"Singapore Is Failing at Digital Sovereignty"
From Palladium Magazine:
The intensifying geopolitical competition between China and the
United States has sounded the death knell for liberal hopes of a
transparent and unified internet. These aspirations have warped and
disintegrated beneath the shadow of the “Splinternet”—a
fragmentation of the global internet into autonomous American, Chinese,
Russian, and other spheres. Though the West has grown resigned to the
prospect of a hegemonic and heavily censored Chinese internet within
China’s own national territory, the internet’s global “marketplace of
ideas” remains the object of maudlin lamentation as a casualty of the
spiraling U.S.-China cold war.
The erection of this Iron Curtain in cyberspace, we are told,
has diminished opportunities for transnational collaboration in a
variety of productive spheres, ranging from cultural exchange to
scientific research, excluding both the American and Chinese sides from
the win-win dynamics of a free and open internet. Left unquestioned in
this is the premise that the uncensored Western internet has served as a
neutral platform for the unmitigated intercourse of ideas and networks.
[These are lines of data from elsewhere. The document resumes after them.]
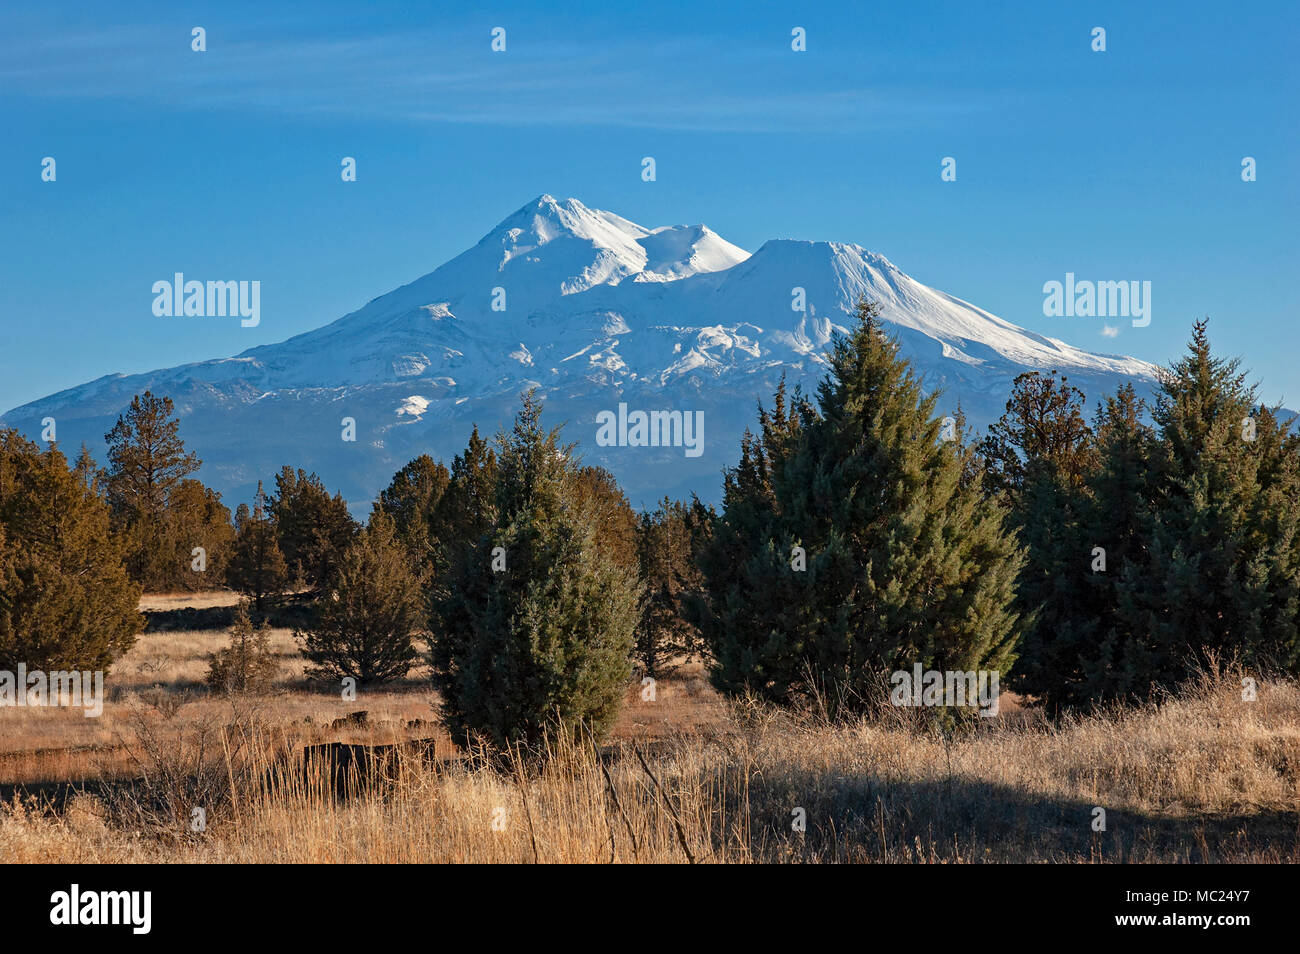 Le mont Shasta avec une forêt de genévrier au premier plan, près de Montague, Californie Banque D'Images
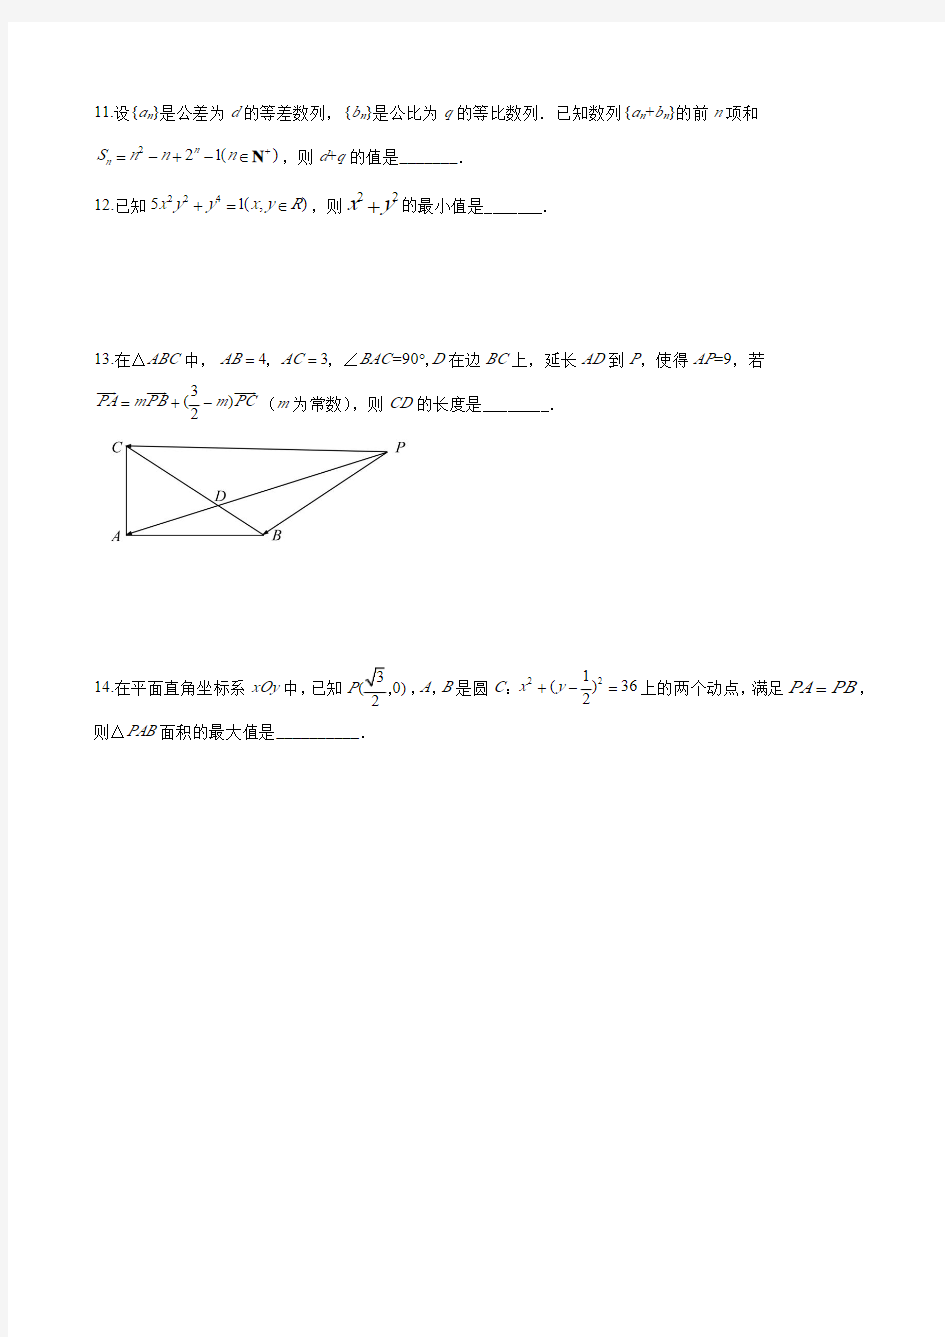 2020年江苏省高考数学试卷(原卷版)
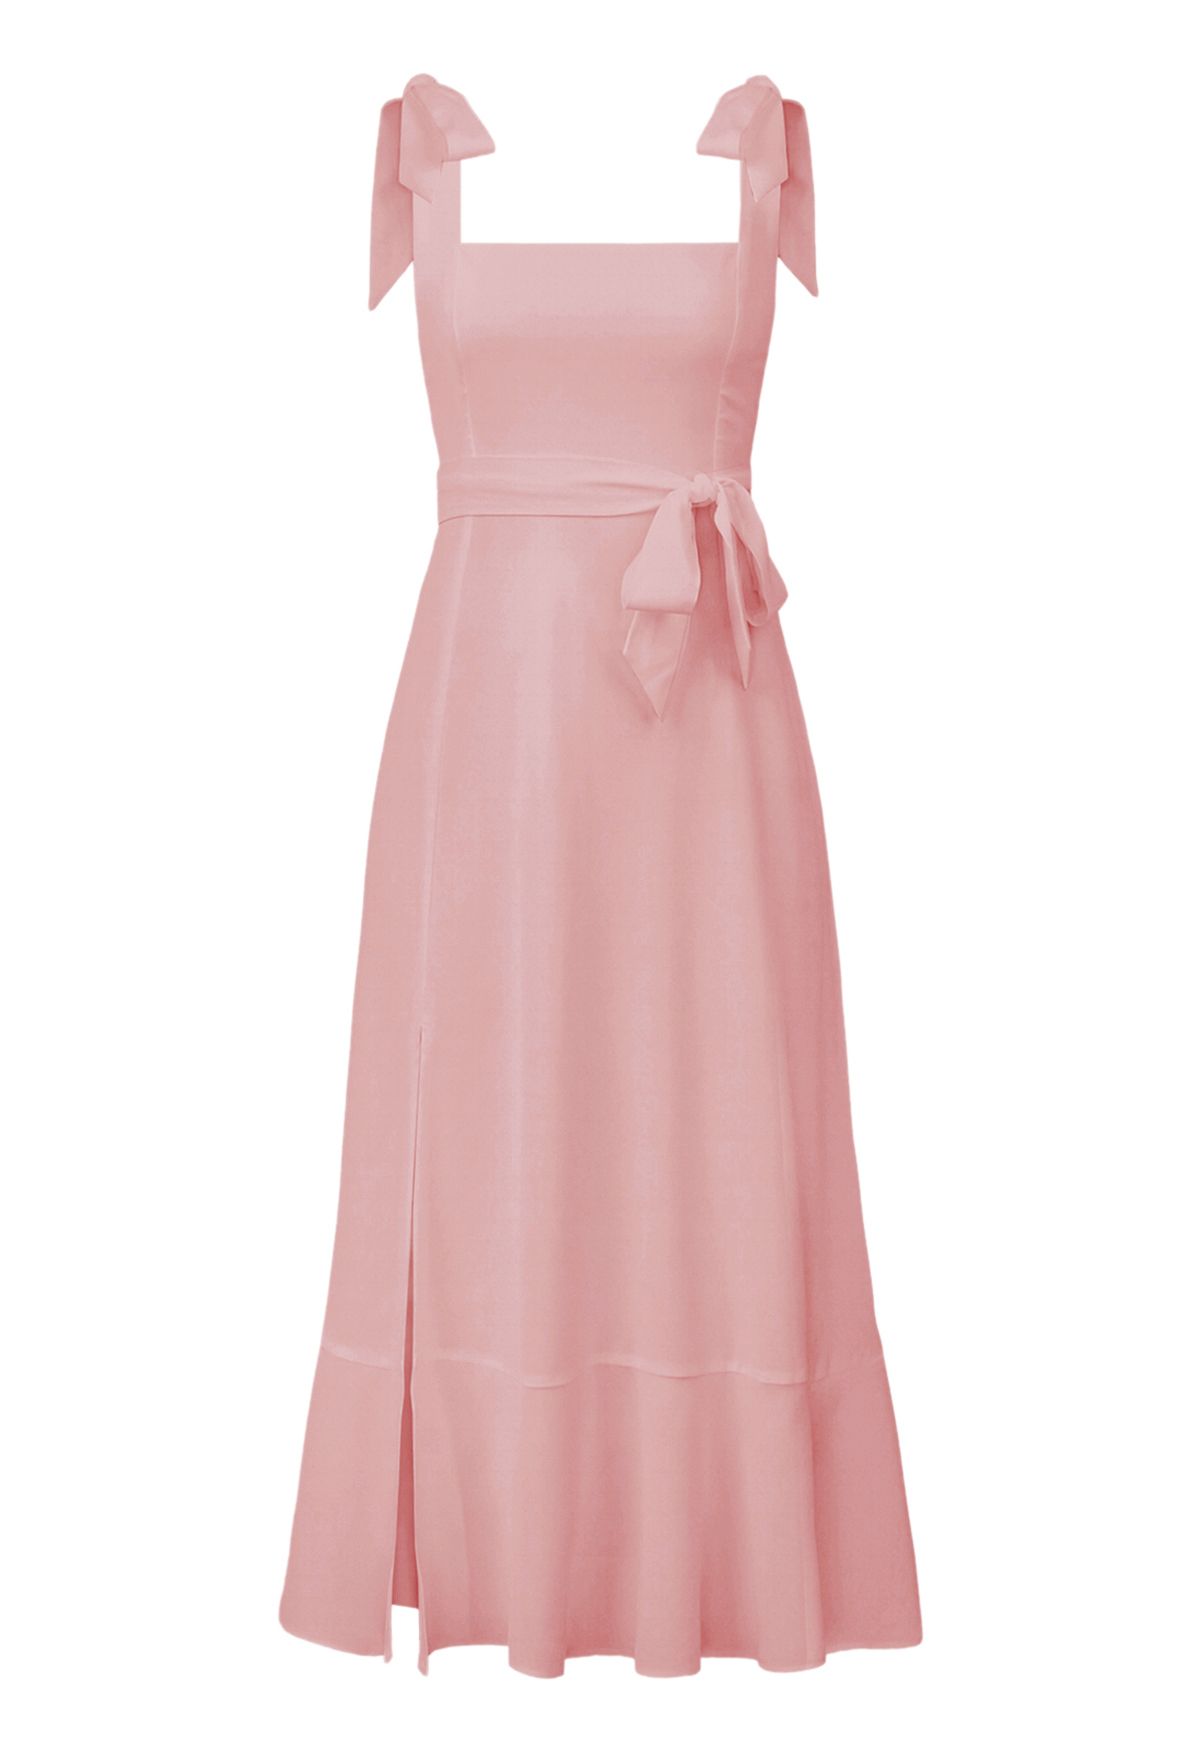 فستان قصير بحافة مكشكشة ورباط على الكتف باللون الوردي

Influential American geopolitical strategists such as Joseph Nye have frequently observed
that the U.S. dominance of the internet constitutes a key pillar of
American cultural hegemony abroad. This appears validated by Western
Europe, which, above all, has fallen ever more under the sway of
American political discourse. Even in countries culturally positioned
outside the West such as India, prolonged exposure to the Western
internet is increasingly eroding traditional cultural norms. Although this has not yet extended
to influencing Indian politics, international familiarity with the
distinctly American brand of liberal politics underscores the Internet’s
instrumental role in exporting its publicity—putting in question the
internet’s intrinsic neutrality.
The active role of the American-dominated internet in radiating this
particular form of liberal politics across the world bears profound
implications for the global future of governance. It raises fundamental
questions as to whether a country should find it desirable to remain
open to the Western internet today.
The trade-off involved is best illustrated in a comparative
examination of Singapore and China. Both countries are highly
technocratic states with formidable capacities for mobilization and,
from the perspective of many Westerners, enviably functional governance
structures. Singapore’s cyberspace is practically constituted and
engulfed by the American internet, while China has retained and
consolidated “cybersovereignty” over a distinctive internet culture.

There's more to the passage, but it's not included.